Are breakfast bars healthy? It depends on the bar you’re talking about, of course, but it also depends on your definition of healthy.
Prevention magazine says that healthy breakfast bars should contain no more than 15 grams of sugar and at least 5 grams each of fiber and protein. At LiveStrong.com, they say 6 grams or less of sugar, at least 4 grams of fiber and at least 5 grams of protein. Fitness magazine’s 2012 Healthy Food Awards for Breakfast Bars recognized 8 varieties from brands like Clif, Corazonas and Kind. The winners had minimal added sugar, 200 or fewer calories, and at least 3 grams of fiber and protein per serving.
Despite the best intentions, nutritional guidelines like these miss the mark. More important than analyzing the nutrients and tallying up the calories in a product after the fact is understanding what goes into making it. A genuinely healthy breakfast bar should be made of whole foods and other wholesome ingredients. Very few bars on the market are, however, and many are as processed as any candy bar.
1. Added Sugar
Breakfast bars can have a lot of added sugar, but manufacturers can make it seem as though they don’t. Ingredients are listed in order of predominance, with those used in the greatest amounts first. By using a variety of added sugars, manufacturers can list them separately and lower down among the other ingredients. Two of the breakfast bars that earned Fitness’s Healthy Food Award contain 6 different sugars, including organic dried cane syrup, organic brown rice syrup, organic oat syrup solids, sugar, molasses, pineapple juice and vegetable glycerin/glycerol.
Organic or not, “natural” or not, all added sugars, with the possible exception of honey, are processed. The taste of sweet should come straight from the source, from whole foods and ingredients. LARA Bars, for example, may be a bit higher in sugar than other breakfast and energy bars, but all of it comes from fruits like dates, bananas and raisins.
2. Soy Protein Isolate
Soy protein isolate is found in many breakfast bars and is used to establish their protein content. It’s the protein on which the breakfast bar is built and by which it becomes “an excellent source of protein.” Soy protein isolate, however, is hardly natural or wholesome.
In “Twinkie, Deconstructed,” Steve Ettlinger describes how soy protein isolate is manufactured. Soybeans are first heated and then pressed into flakes. Oil is extracted from the flakes by using the solvent hexane, which is obtained from natural gas. “The hexane solvent is so flammable,” writes Ettlinger, “that the entire extraction area, an OSHA ‘controlled environment,’ is off-limits… The risk of explosion is so severe that wrenches in the plant are made of special alloys that can’t cause sparks.”
The oilless flakes are dumped into “a vat of warm water and lye (or lime, ammonia, or tribasic phosphate)… After about an hour of gentle agitation, the proteins and sugars are dissolved and the protein can be extracted in an airplane hangarlike building full of centrifuges.” The next step involves adding hydrochloric acid to the mixture to curdle the protein, and the last step is to dry the soy protein isolate into any number of shapes and sizes, depending on its intended use.
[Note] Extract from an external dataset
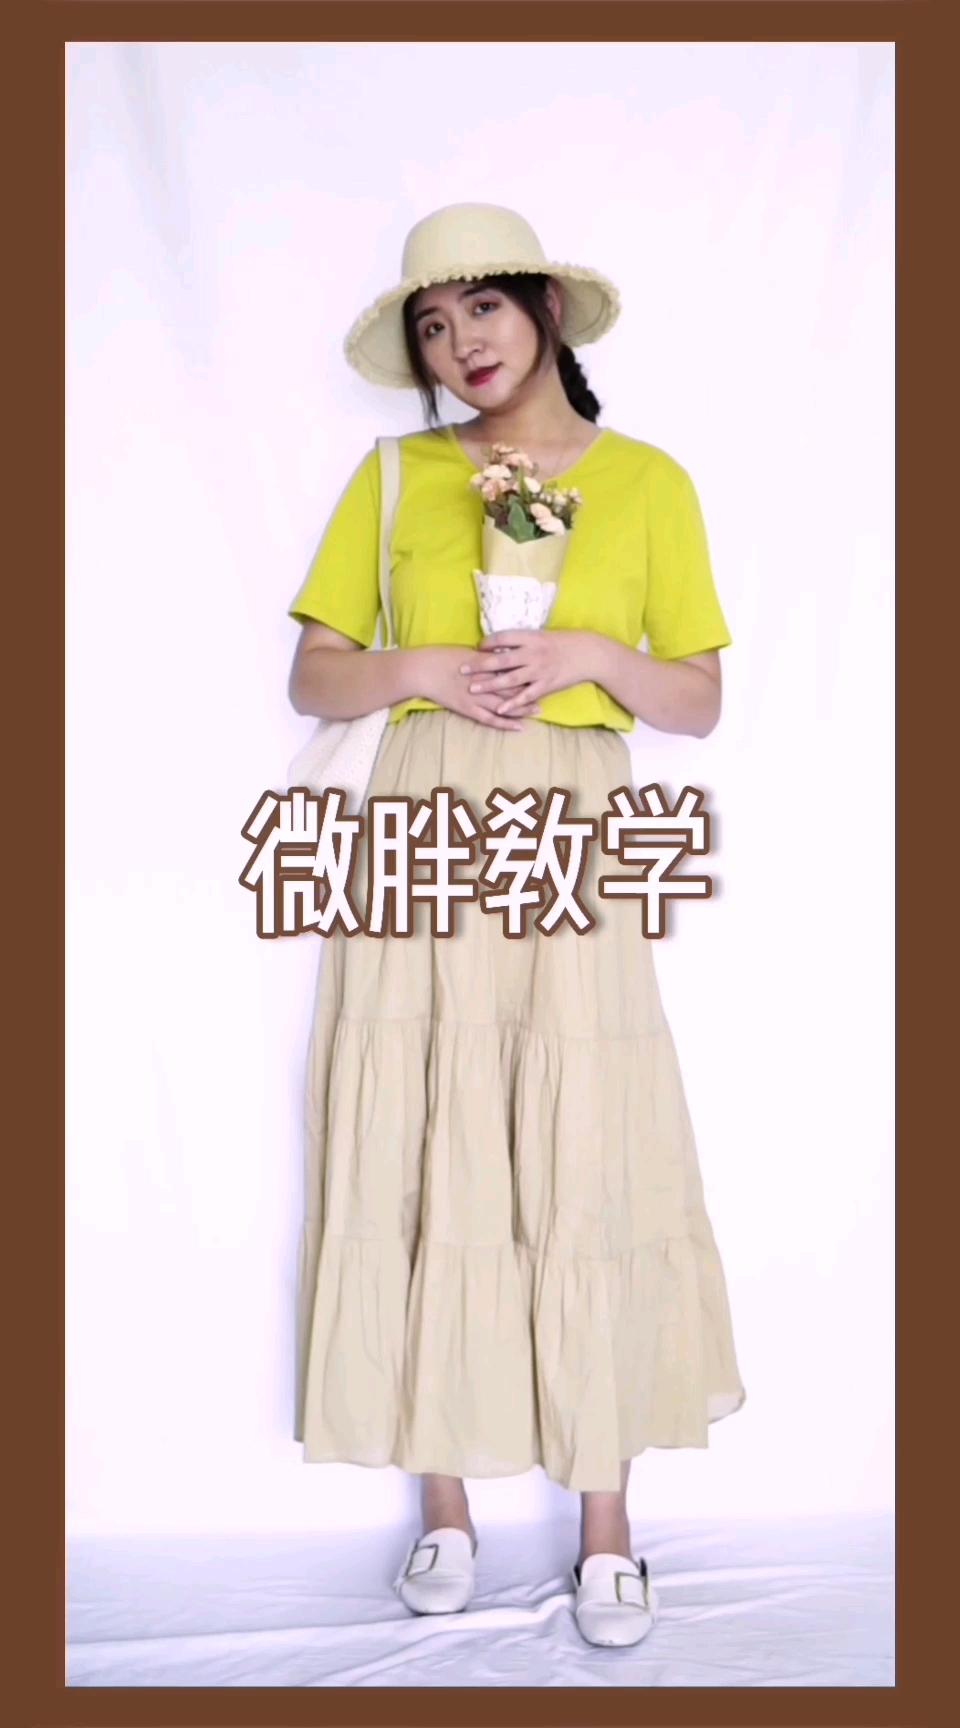 #微胖女孩618都在买什么?#  黄色是夏季显白色啦 超适合黄皮女生哦 大U领T平价又好穿 搭配卡其色层叠裙超显瘦 都是618值得入的单品啦!

Soy has come to be regarded as a healthy source of protein, but the many ingredients derived from it, including soy lecithin and soybean oil, in addition to soy protein isolate, are highly processed. Add to that the fact that 93% of soybeans planted in the U.S. are genetically engineered.
3. Isolated Fibers
Soluble vegetable fiber, agave fiber, citrus fiber, chicory fiber and oat fiber are some of the ingredients used to up the fiber content in breakfast bars, enabling manufacturers to claim that their products have this or that many grams of fiber per serving. But the fiber here is processed and tacked on to the product only to make it more marketable. It may not be harmful to health, but does it really do any good?
In most cases, breakfast bar manufacturers are not making us healthy foods. Rather, they are formulating products to fit a particular nutritional profile, such as the ones recommended by Prevention, LiveStrong.com or Fitness. Low in sugar? Check. High in protein and fiber? Check. Who cares how you get there as long as these numbers satisfy the latest guidelines? For balanced nutrition from whole foods, you’re on your own. And that’s actually okay, because you’d be better off with an apple and a handful of nuts anyway.